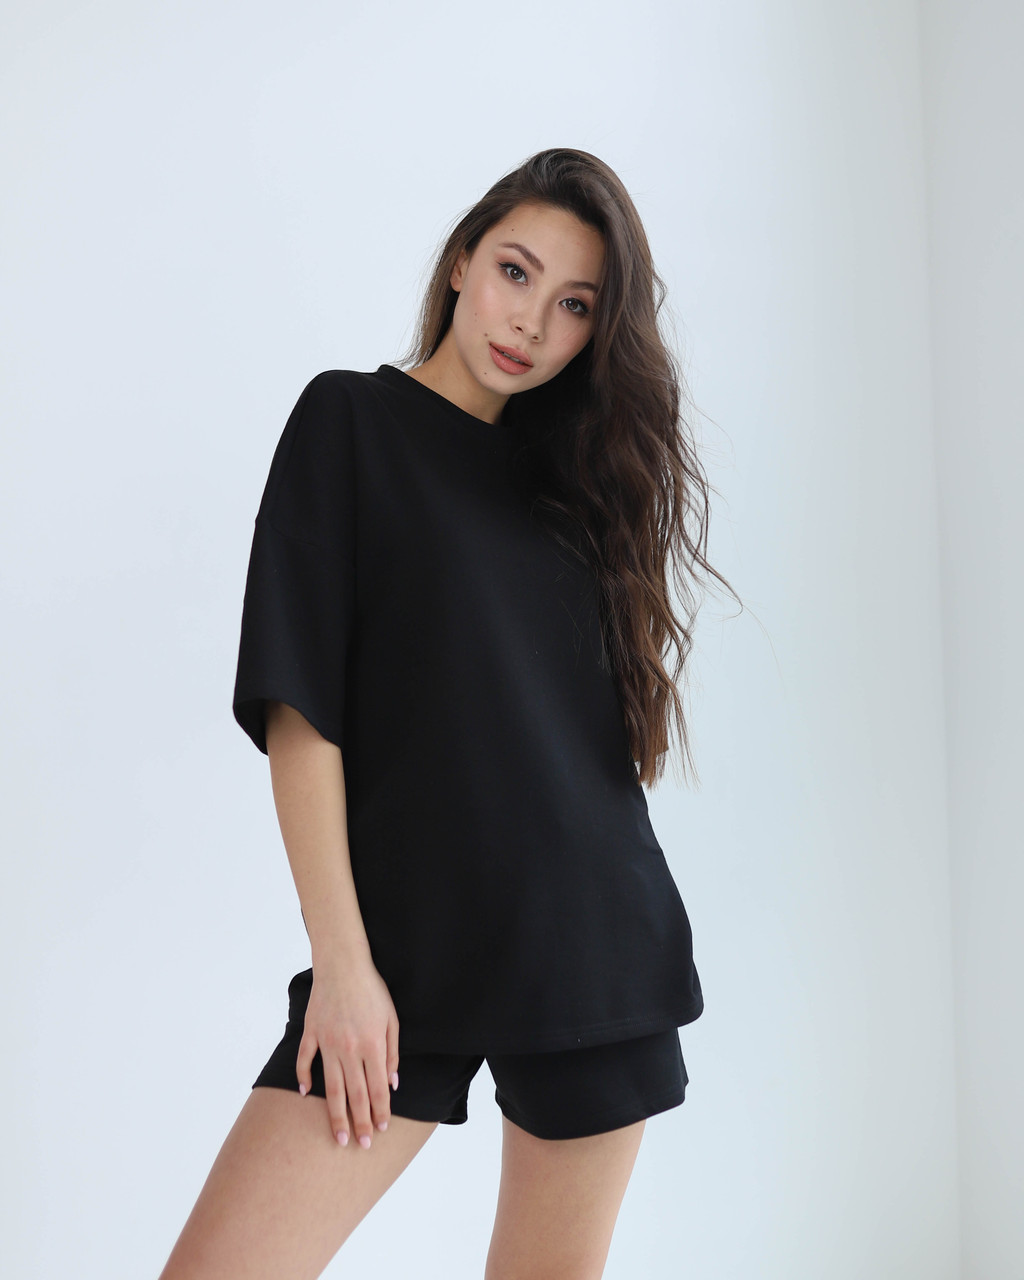 Літній комплект футболка і шорти жіночий чорний оверсайз модель Мія від бренду Тур, розміри: S, M, L TURWEAR - Фото 6
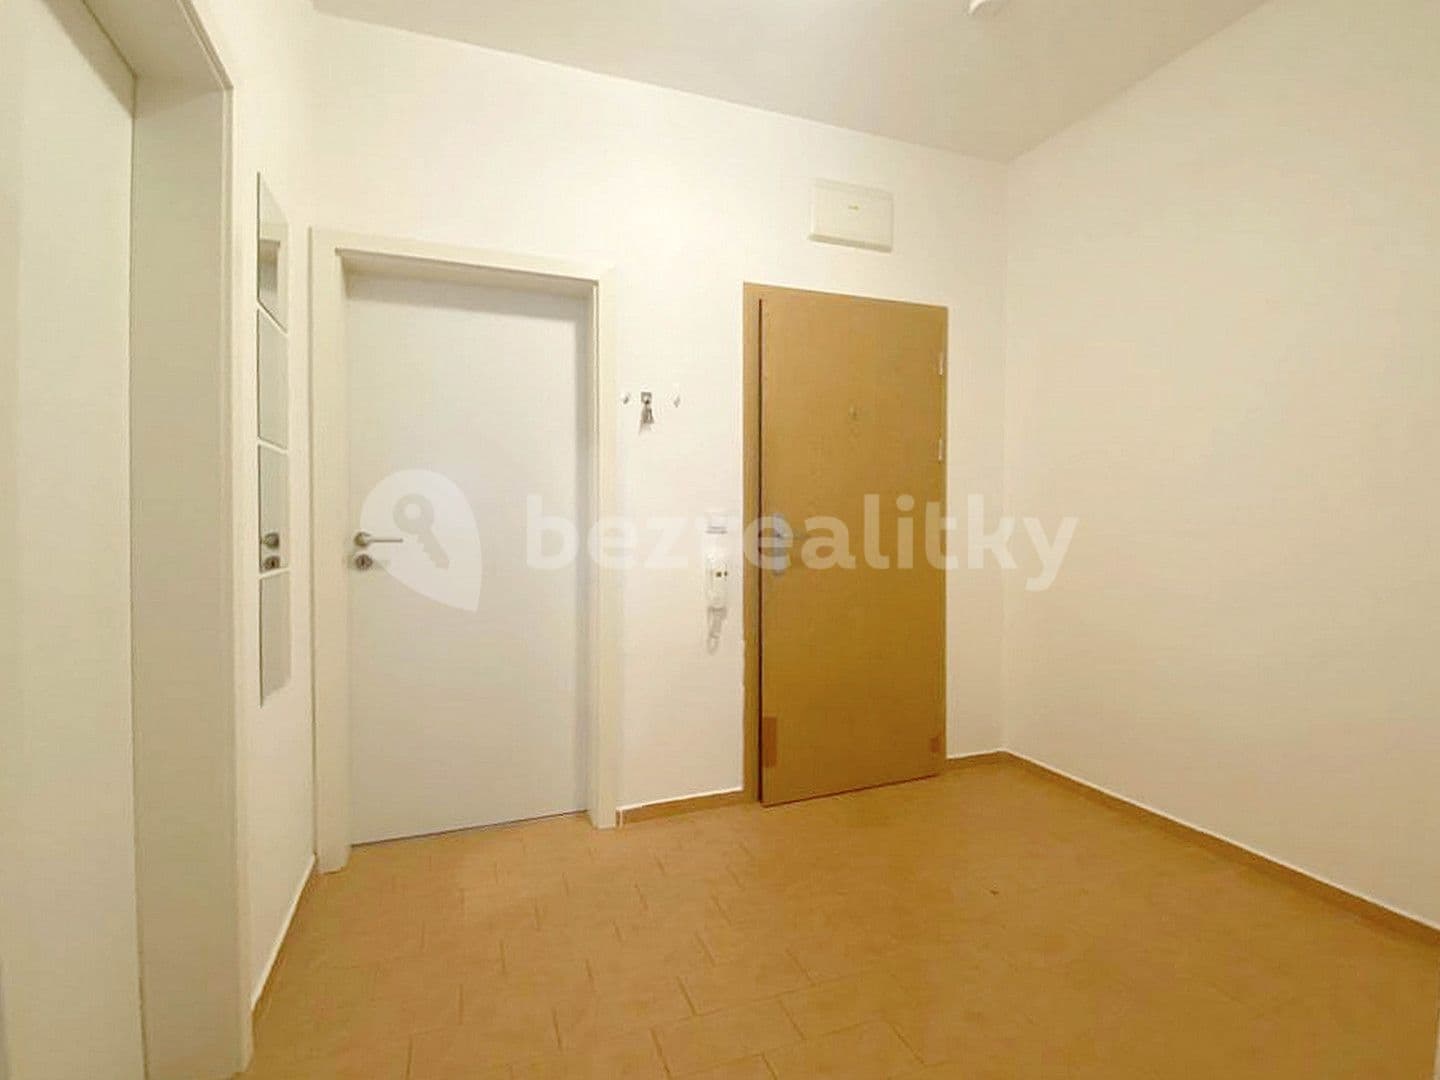 1 bedroom with open-plan kitchen flat for sale, 63 m², Osvoboditelů, Lovosice, Ústecký Region
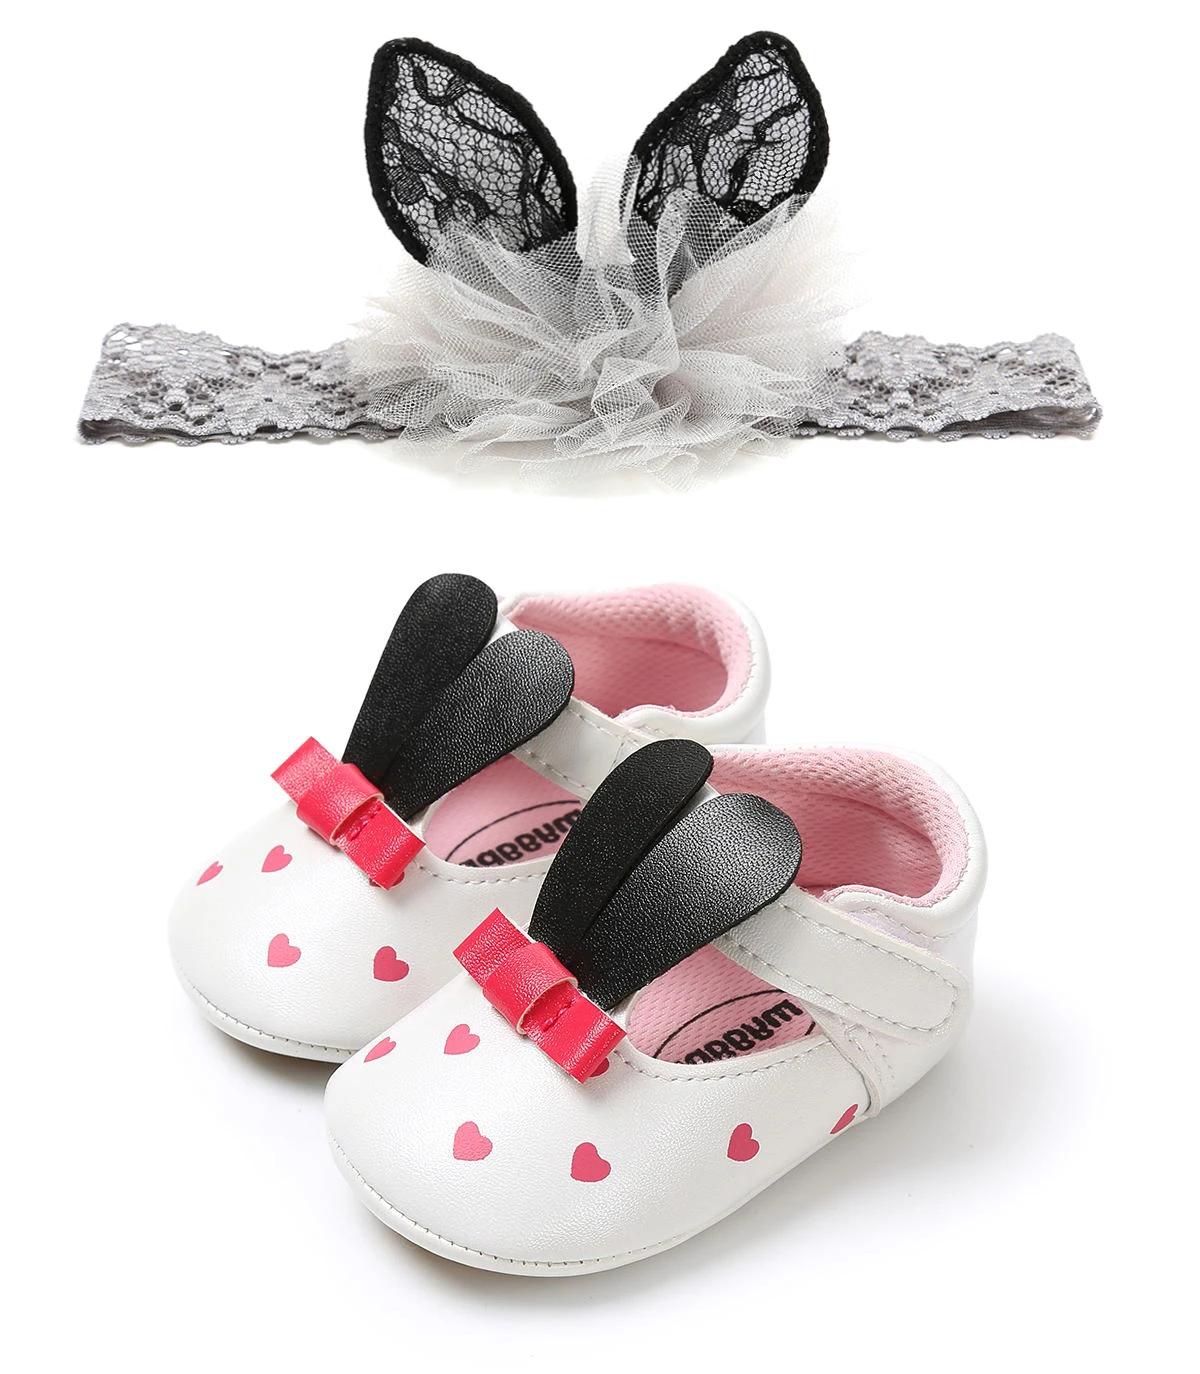 Повседневная обувь для новорожденных девочек; нескользящая кожаная обувь с бантиком для детской кроватки; 2 предмета в комплекте; кроссовки на мягкой подошве для маленьких девочек; Размеры s 0-18 M
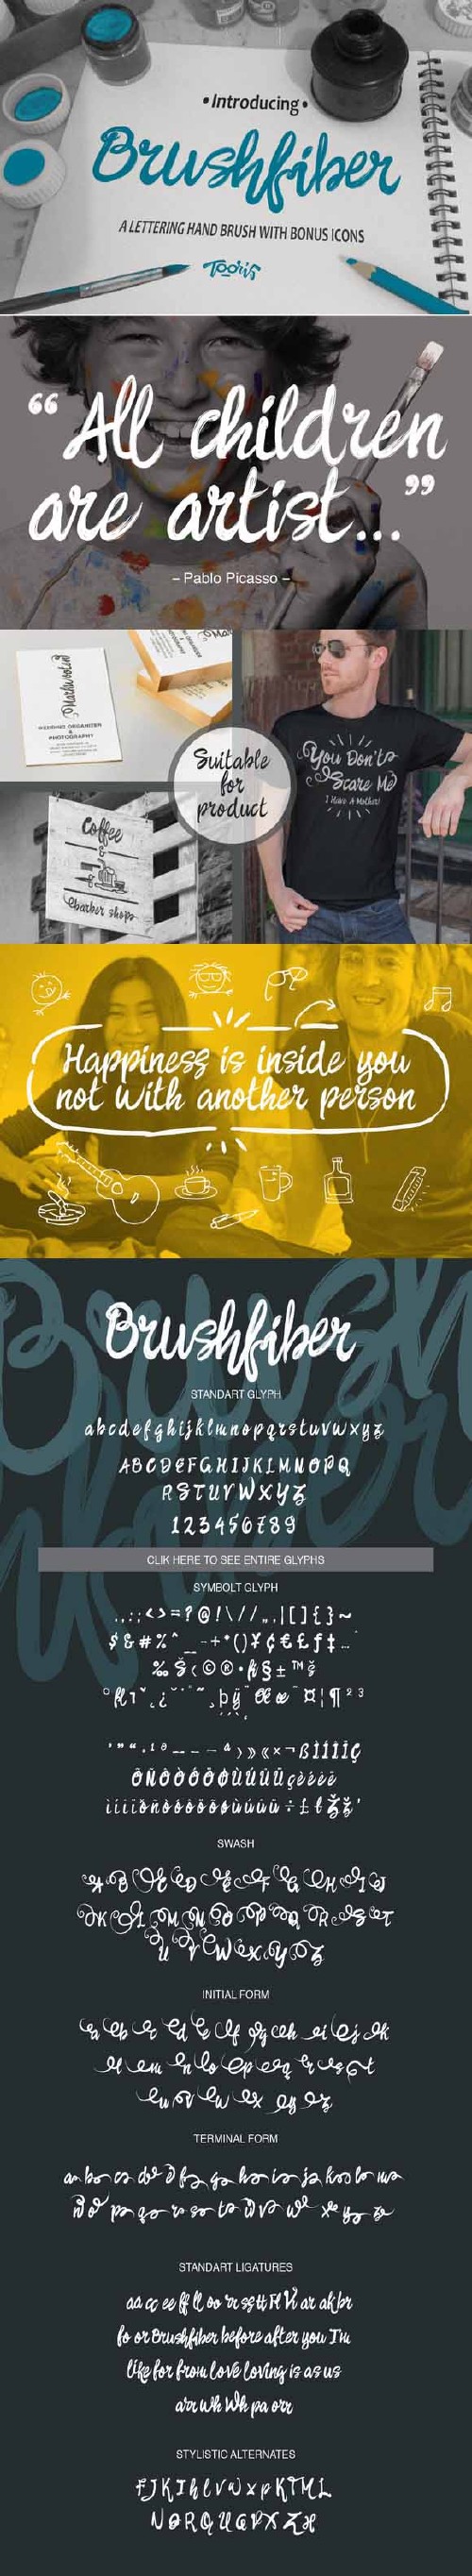 Brushfiber Typeface with Bonus
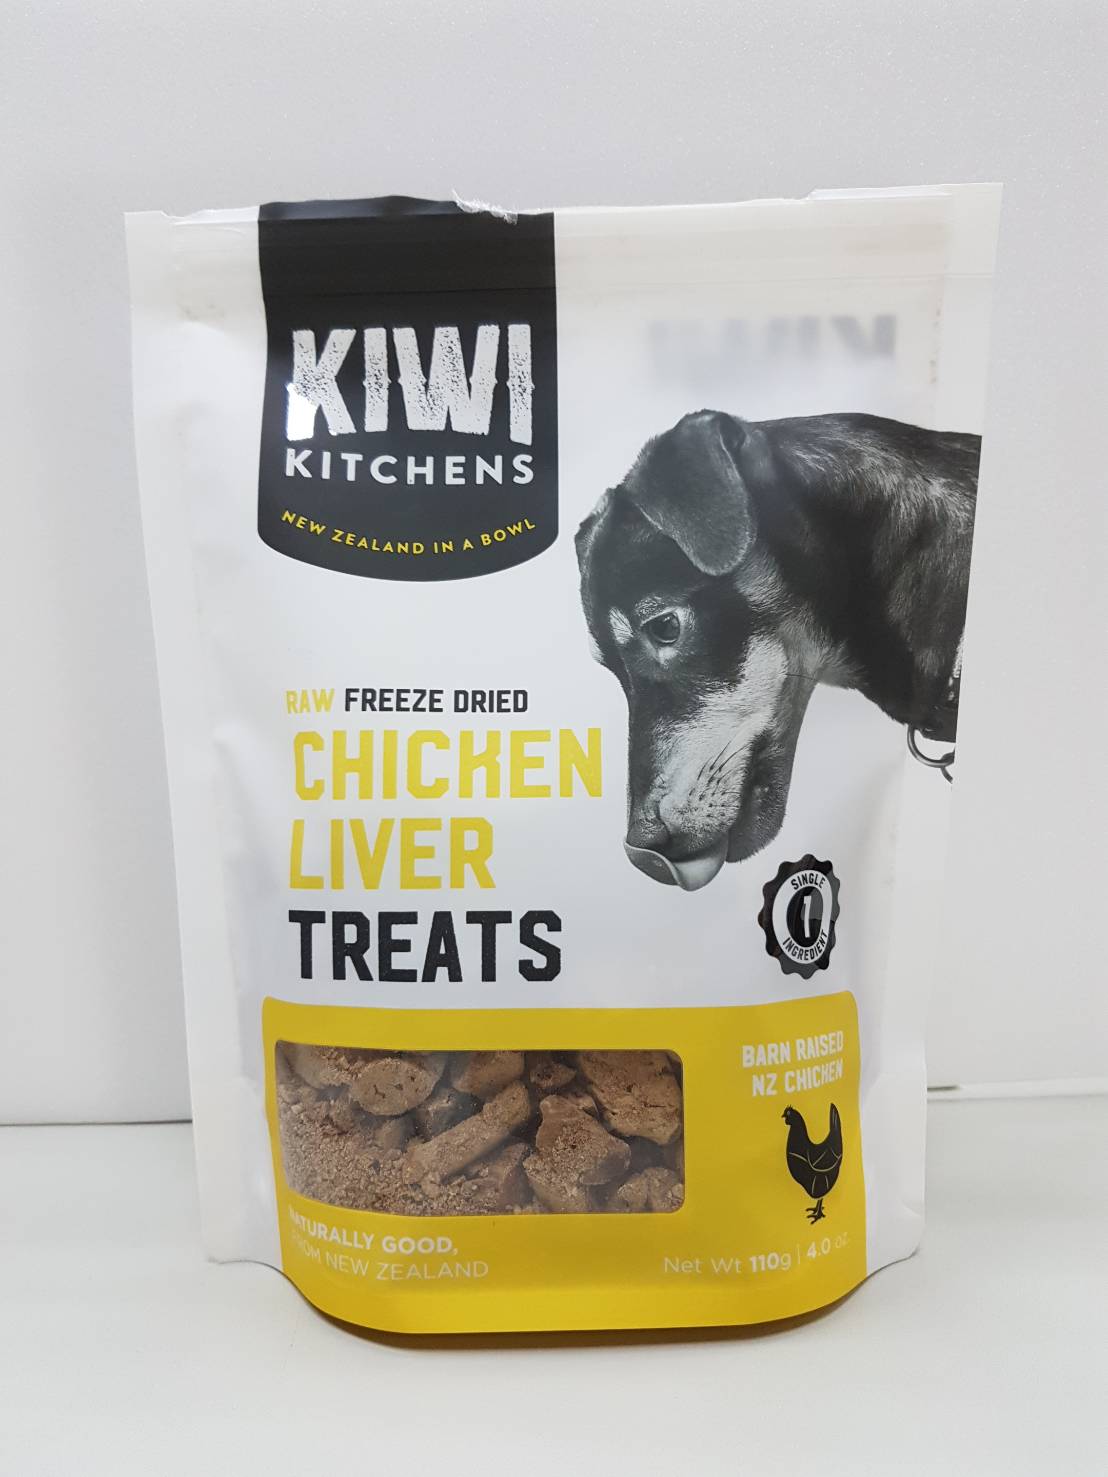 奇異廚房 純雞肝
Kiwi Kitchens Treat - Chicken Liver

### Work request
Your task is an exact printout of the records above, with no pictures.

### Expected answer
 Літній комплект футболка і шорти жіночий чорний оверсайз модель Мія від бренду Тур, розміри: S, M, L TURWEAR - Фото 6
 1 bedroom with open-plan kitchen flat for sale, 63 m², Osvoboditelů, Lovosice, Ústecký Region
 Повседневная обувь для новорожденных девочек; нескользящая кожаная обувь с бантиком для детской кроватки; 2 предмета в комплекте; кроссовки на мягкой подошве для маленьких девочек; Размеры s 0-18 M
 Brushfiber Typeface with Bonus
 奇異廚房 純雞肝
Kiwi Kitchens Treat - Chicken Liver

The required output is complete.